The Clacton MP quits his party but insists he will not rejoin the Conservatives or trigger a by-election. 

Douglas Carswell has long been a Ukip MP in name only. Now he isn't even that. Ukip's sole MP, who defected from the Conservatives in 2014, has announced that he is leaving the party.

Carswell's announcement comes as no great surprise. He has long endured a comically antagonistic relationship with Nigel Farage, who last month demanded his expulsion for the sin of failing to aid his knighthood bid. The Clacton MP's ambition to transform Ukip into a libertarian force, rather than a reactionary one, predictably failed. With the party now often polling in single figures, below the Liberal Democrats, the MP has left a sinking ship (taking £217,000 of opposition funding or "short money" with him). As Carswell acknowledges in his statement, Brexit has deprieved Ukip of its raison d'être.

He writes: "Ukip might not have managed to win many seats in Parliament, but in a way we are the most successful political party in Britain ever. We have achieved what we were established to do – and in doing so we have changed the course of our country's history for the better. Make no mistake; we would not be leaving the EU if it was not for Ukip – and for those remarkable people who founded, supported and sustained our party over that period.

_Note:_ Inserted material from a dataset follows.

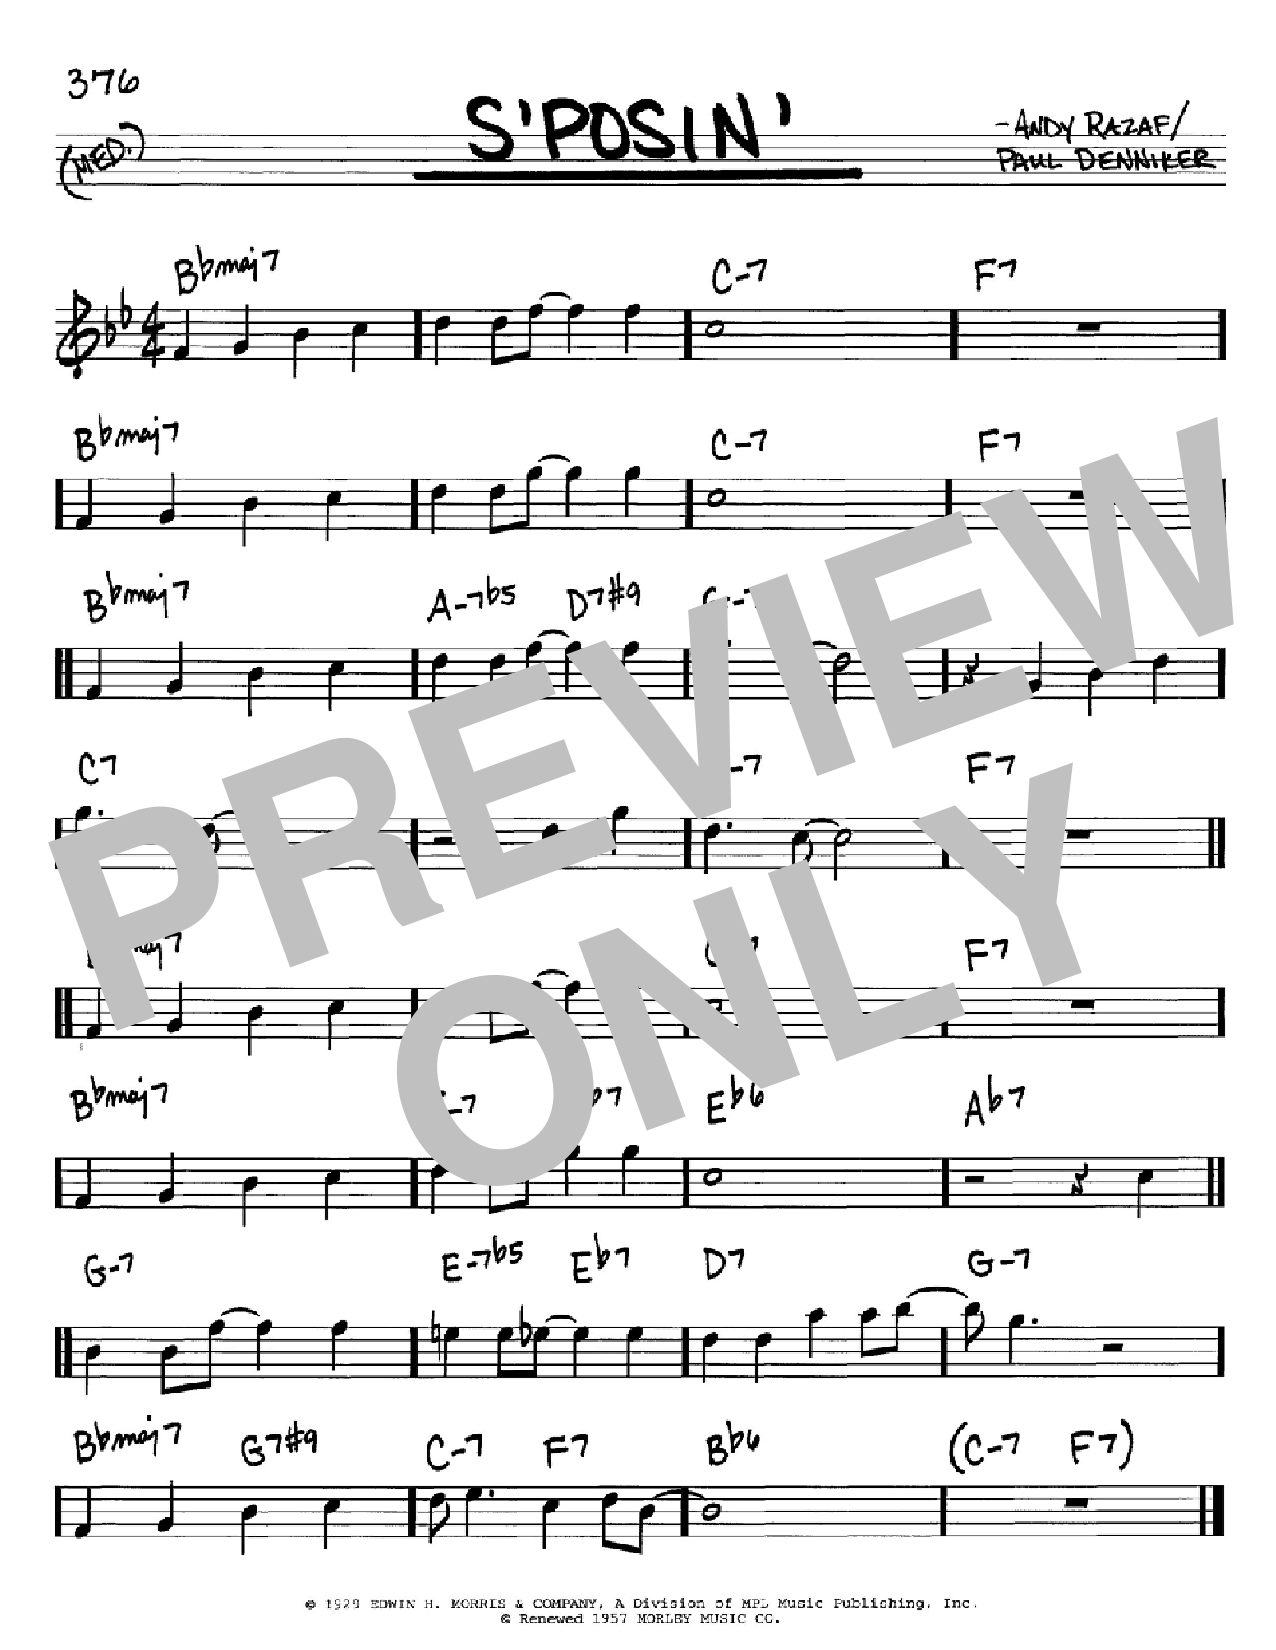 Frank Sinatra S'posin' Sheet Music Notes & Chords for Real Book - Melody, Lyrics & Chords - C Instruments - Download or Print PDF

"Our party has prevailed thanks to the heroic efforts of Ukip party members and supporters. You ensured we got a referendum. With your street stalls and leafleting, you helped Vote Leave win the referendum. You should all be given medals for what you helped make happen – and face the future with optimism.

"Like many of you, I switched to Ukip because I desperately wanted us to leave the EU. Now we can be certain that that is going to happen, I have decided that I will be leaving Ukip."

Though Ukip could yet recover if Theresa May disappoints anti-immigration voters, that's not a path that the pro-migration Carswell would wish to pursue. He insists that he has no intention of returning to the Conservatives (and will not trigger a new by-election). "I will simply be the Member of Parliament for Clacton, sitting as an independent."

Carswell's erstwhile Conservative colleagues will no doubt delight in reminding him that he was warned.  

George Eaton is political editor of the New Statesman.